Jokowi beserta rombongan menaiki pesawat berbadan lebar milik BUMN yang dicat merah putih tersebut untuk mengunjungi Italia, Inggris dan juga Uni Emirat Arab.
Menurut Kepala Sekretariat Presiden (Kasetpres) Heru Budi Hartono, pemilihan pesawat maskapai nasional ini telah dipertimbangkan secara matang, seperti pertimbangan efisiensi waktu, penghematan anggaran, dan juga protokol kesehatan.
Dari segi efisiensi waktu, Heru menjelaskan bahwa pesawat berbadan lebar ini bisa menempuh perjalanan menuju Roma, Italia selama 13 jam tanpa perlu transit.

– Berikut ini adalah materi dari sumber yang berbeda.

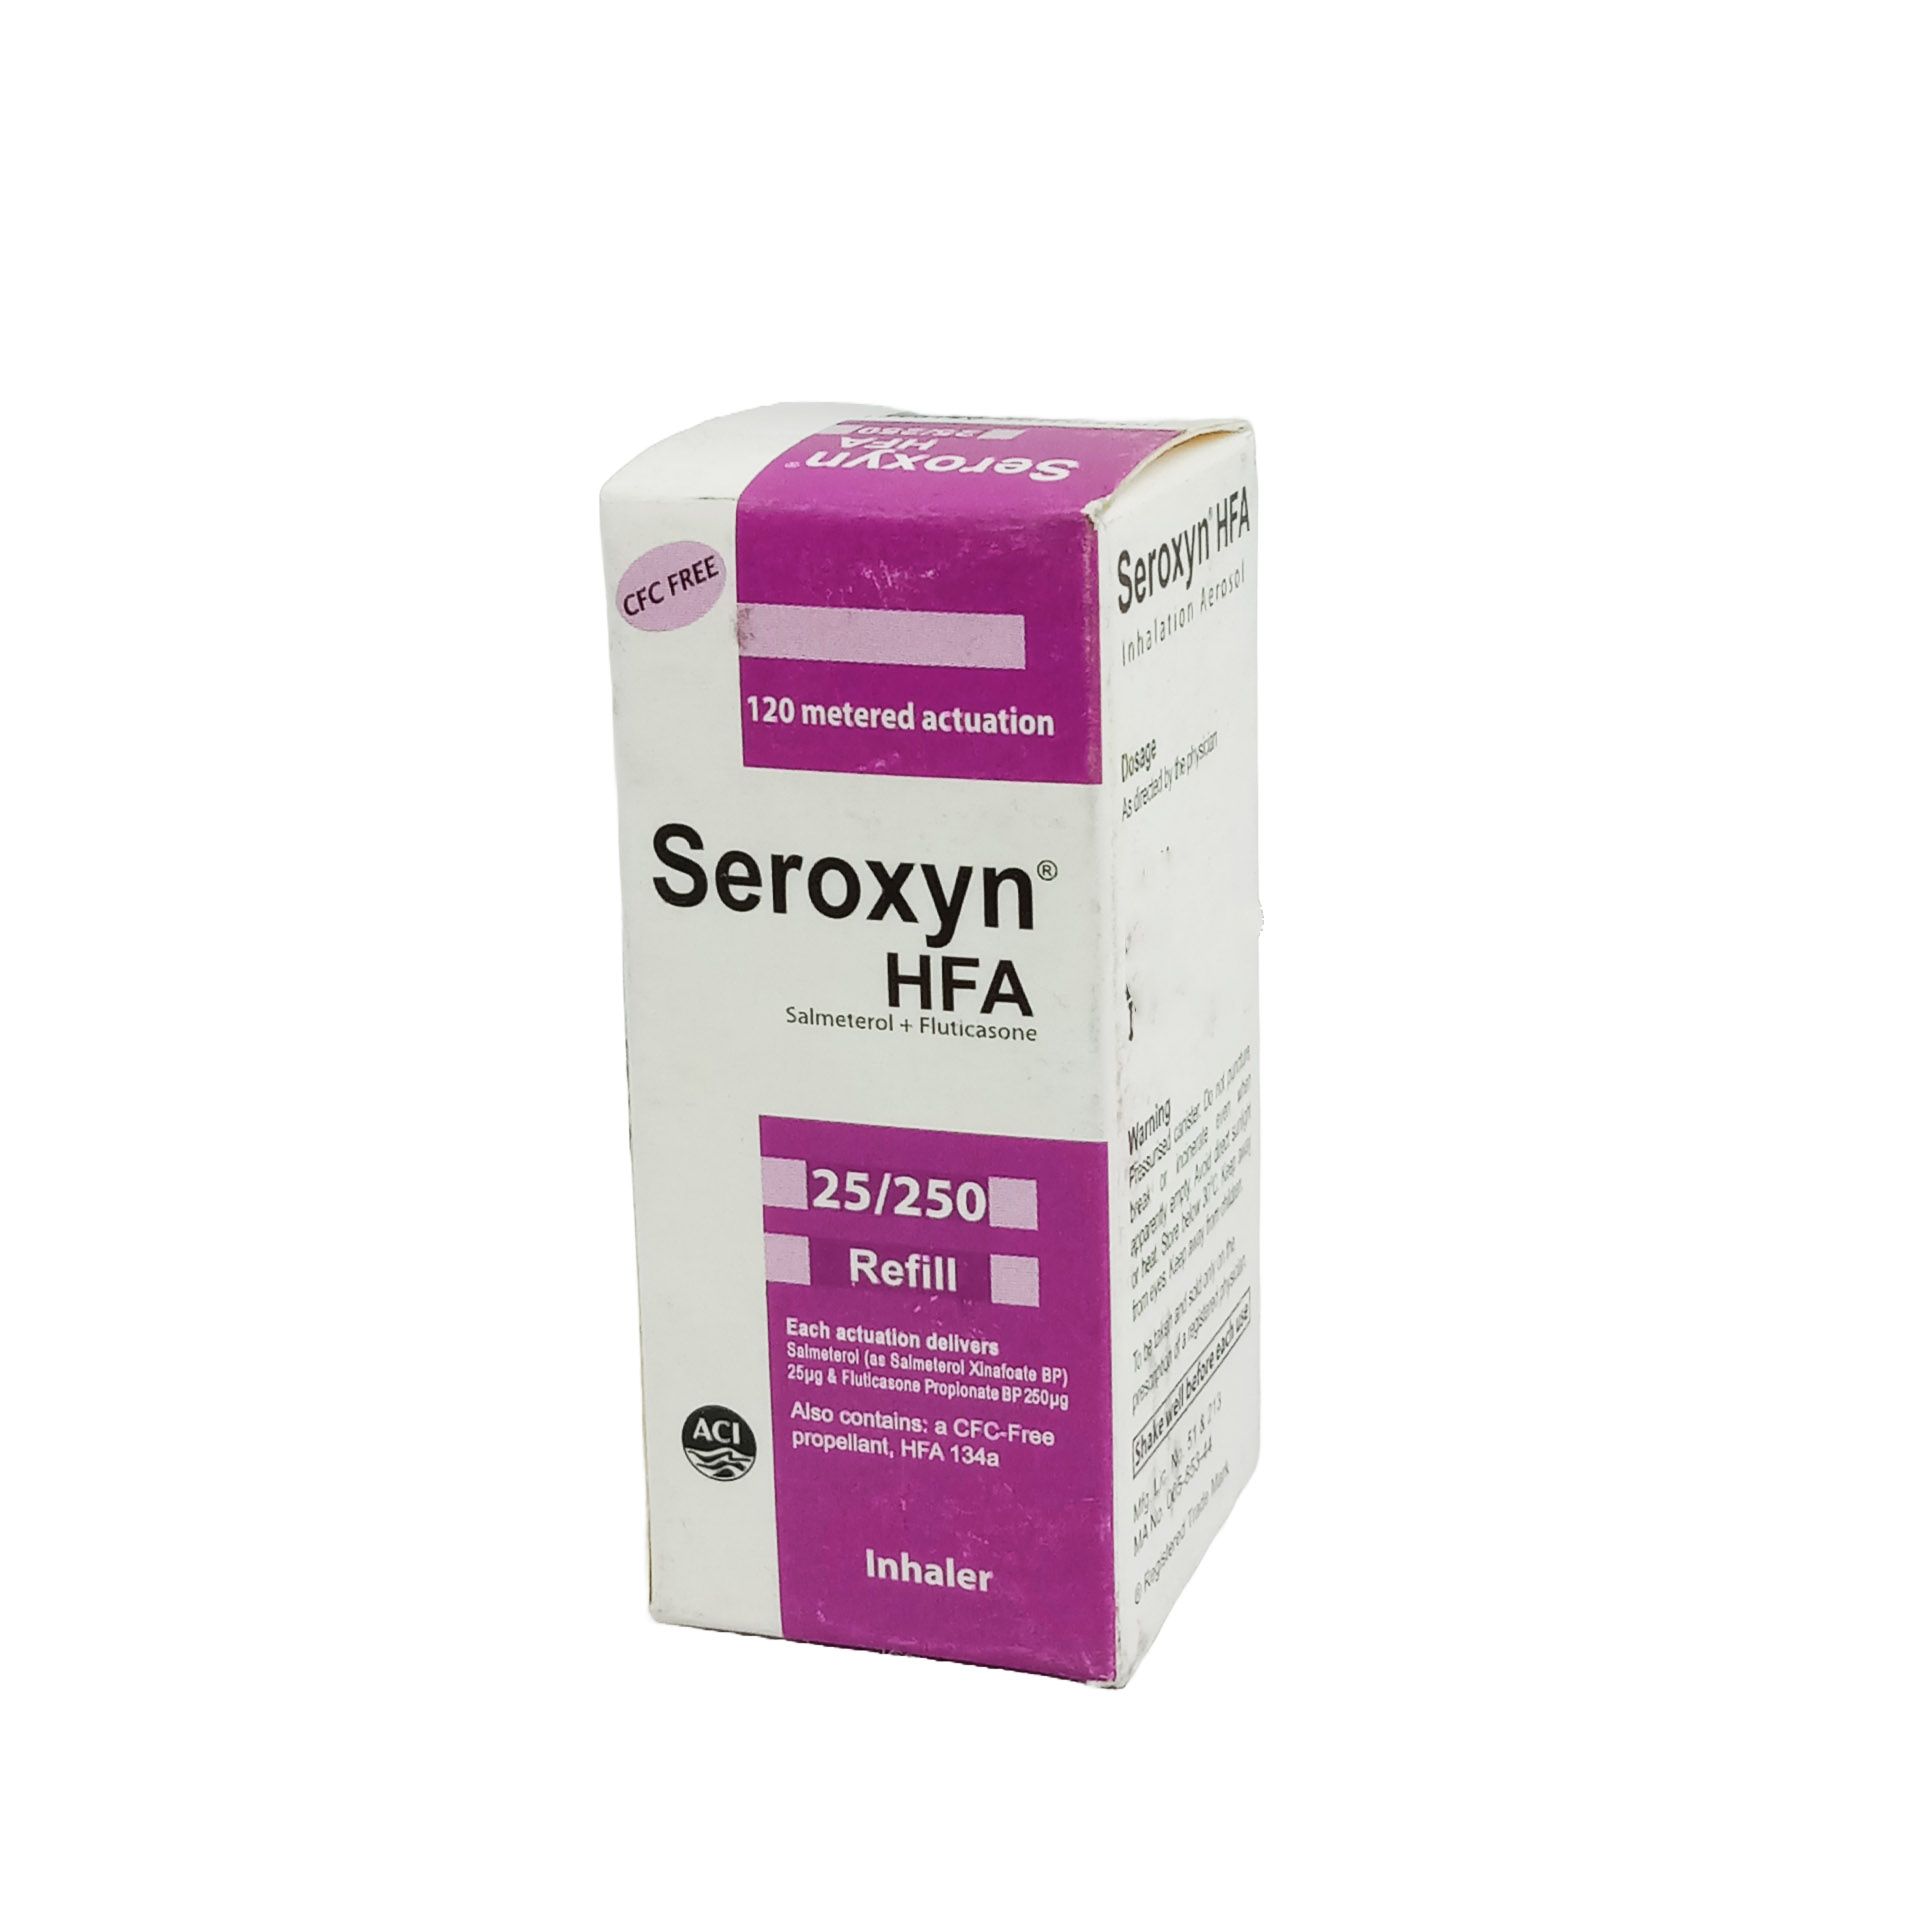 Seroxyn HFA 25/250 Refill 25mcg+250mcg/puff Inhaler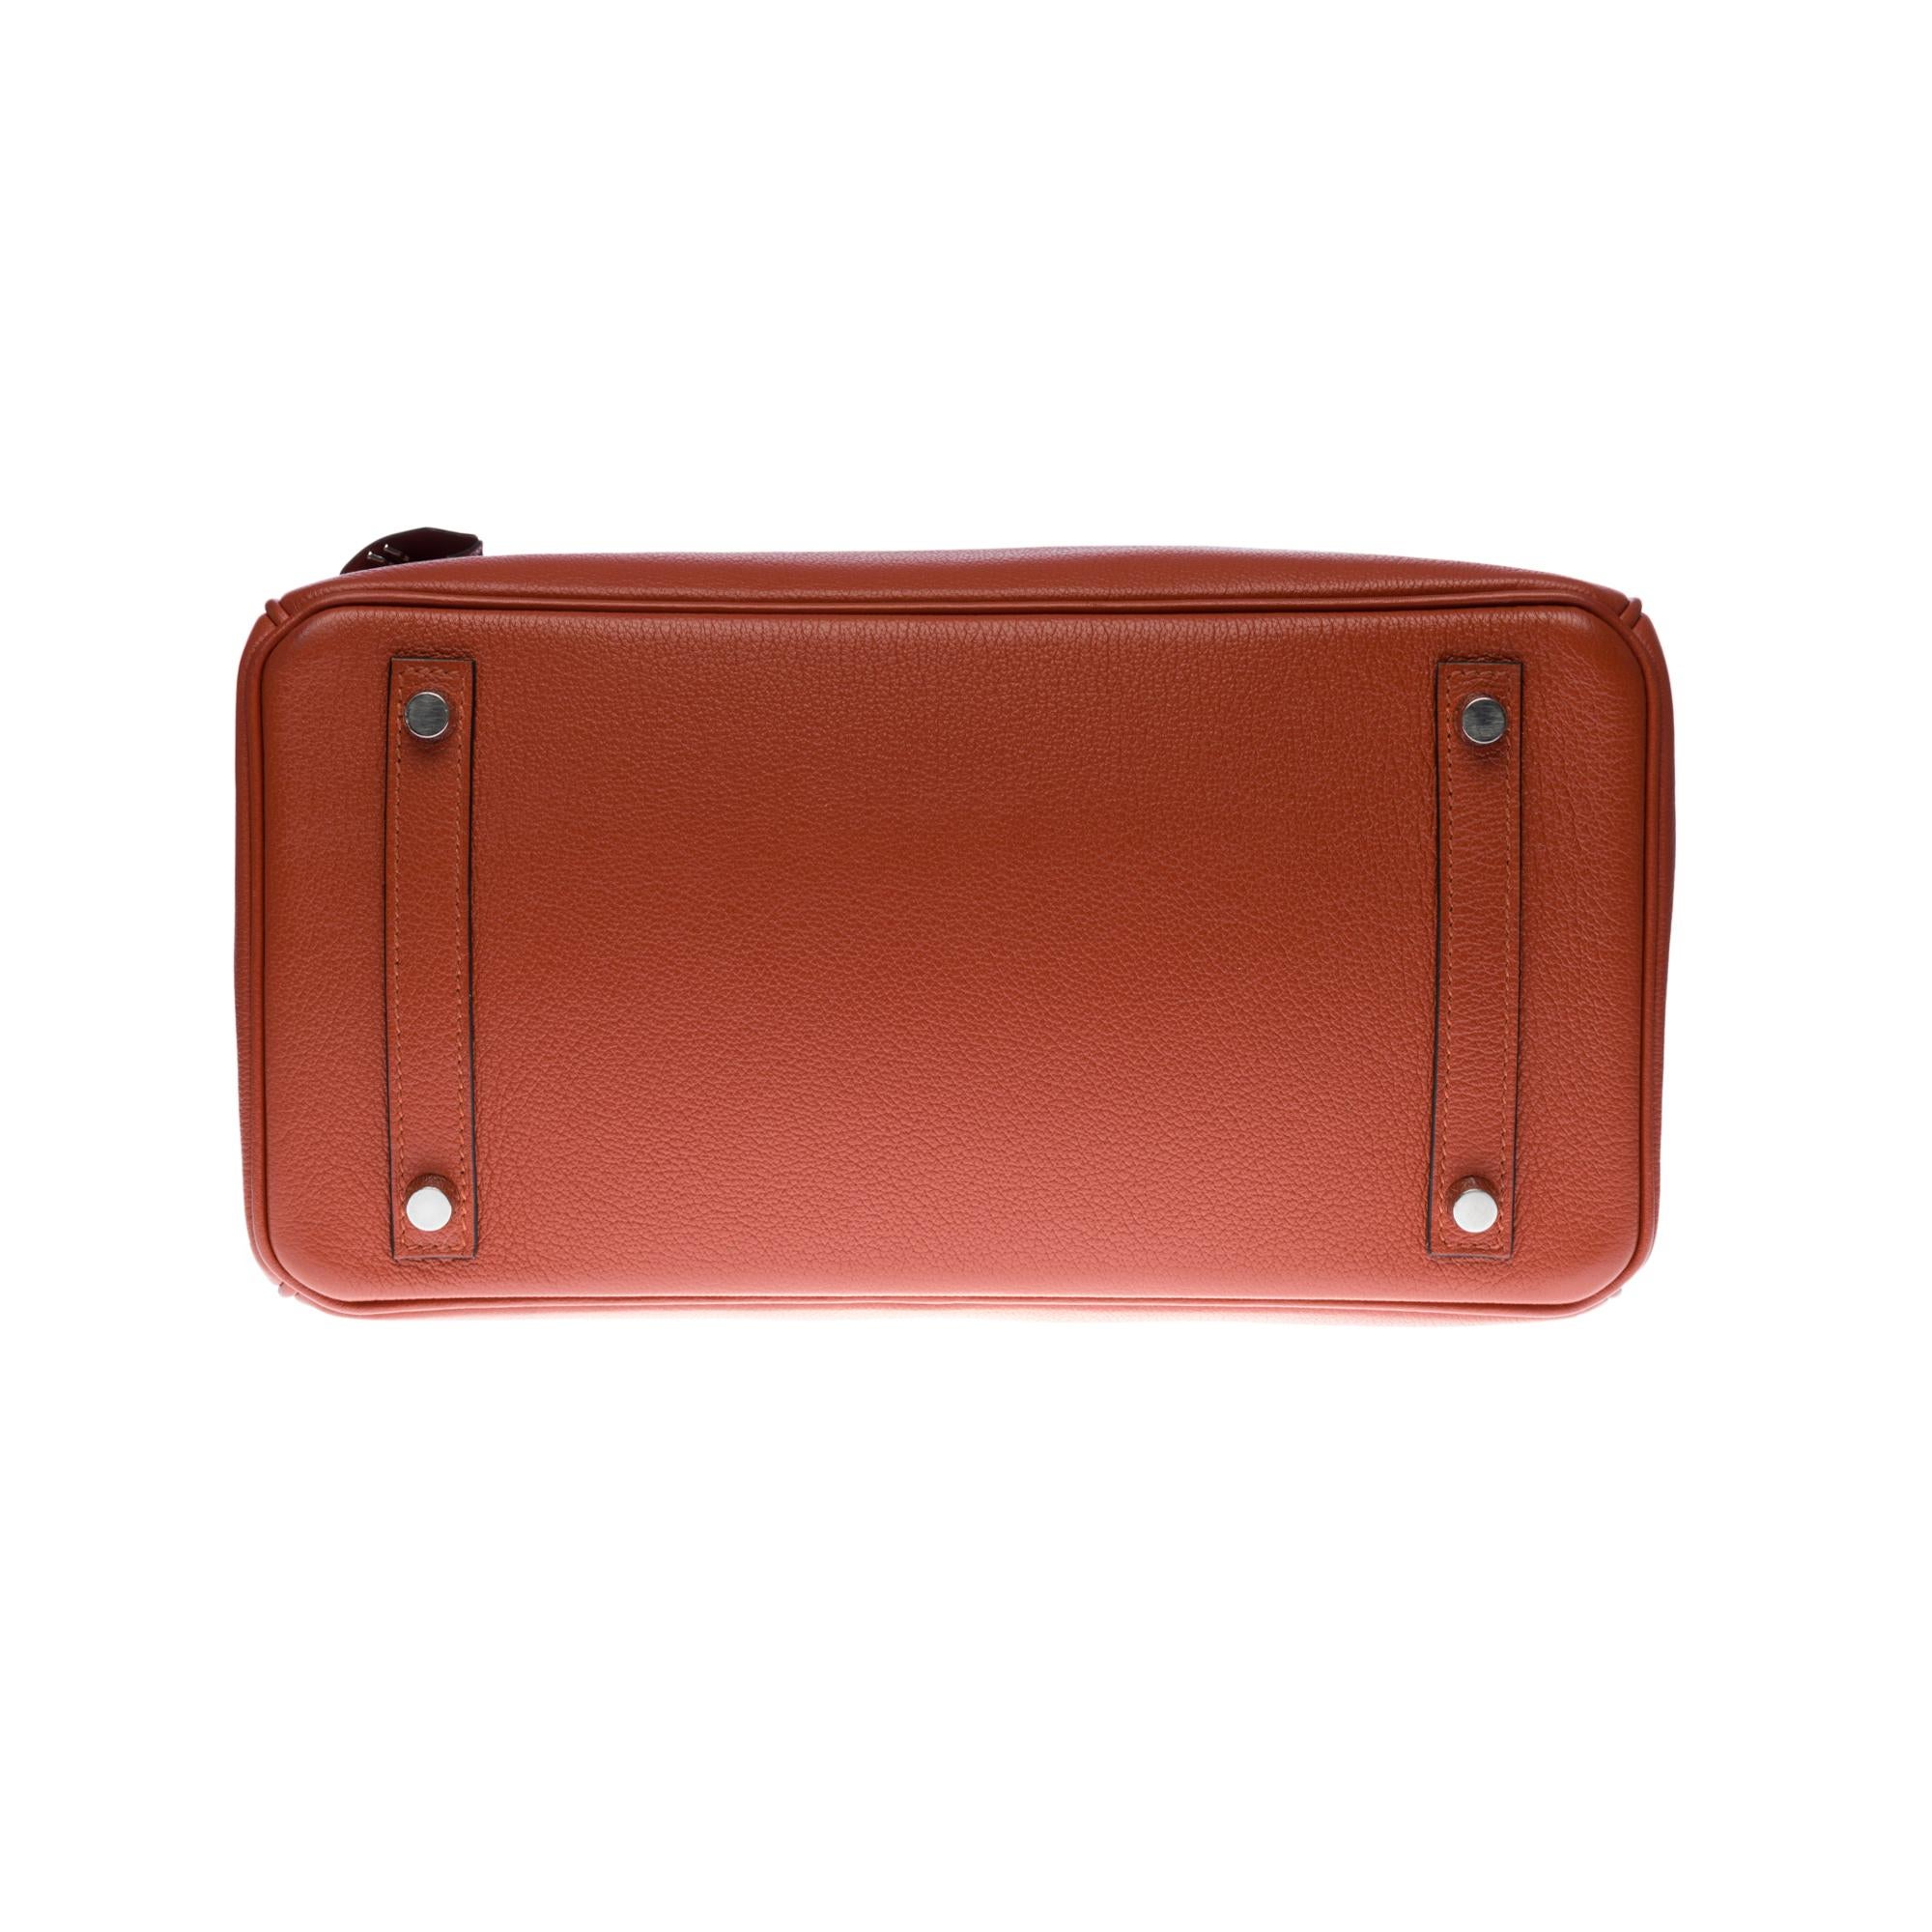 Stunning Hermès Birkin 30 handbag in Cuivre/Copper Mysore Goat leather, SHW 1

Namun, apabila menggunakan Pesawat Kepresidenan BBJ, maka Jokowi dan rombongan harus transit, dan berpotensi berpapasan dengan orang banyak yang belum diketahui tingkat keamanannya dari penularan Covid-19.
"Ini adalah kunjungan kerja pertama Bapak Presiden ke luar negeri di masa pandemi, kami harus sangat berhati-hati dalam menjalankan protokol kesehatan, termasuk pertemuan tatap muka di saat transit," ujar Heru sesaat sebelum keberangkatan di Bandara Internasional Soekarno-Hatta, Tangerang, Banten, pagi tadi.
Hal lain yang menjadi pertimbangan Heru adalah efisiensi anggaran, di mana semua menteri yang hadir dalam kunjungan tersebut, turut serta dalam rombongan Presiden di pesawat ini.
"Tentunya penggunaan anggaran juga menjadi perhatian kami. Setelah kami hitung jauh lebih hemat dengan turut sertanya para menteri dalam rombongan ini, dibandingkan para menteri ini menggunakan pesawat komersial," tuturnya.
Heru menyebutkan total ada enam menteri yang ikut dalam pesawat brsama Jokowi. Di antaranya Menko Perekonomian Airlangga Hartarto, Menko Kemaritiman dan Investasi Luhut Binsar Pandjaitan, Menteri Luar Negeri Retno Marsudi, Menteri Keuangan Sri Mulyani Indrawati, Menteri BUMN Erick Thohir, dan Sekretaris Kabinet Pramono Anung.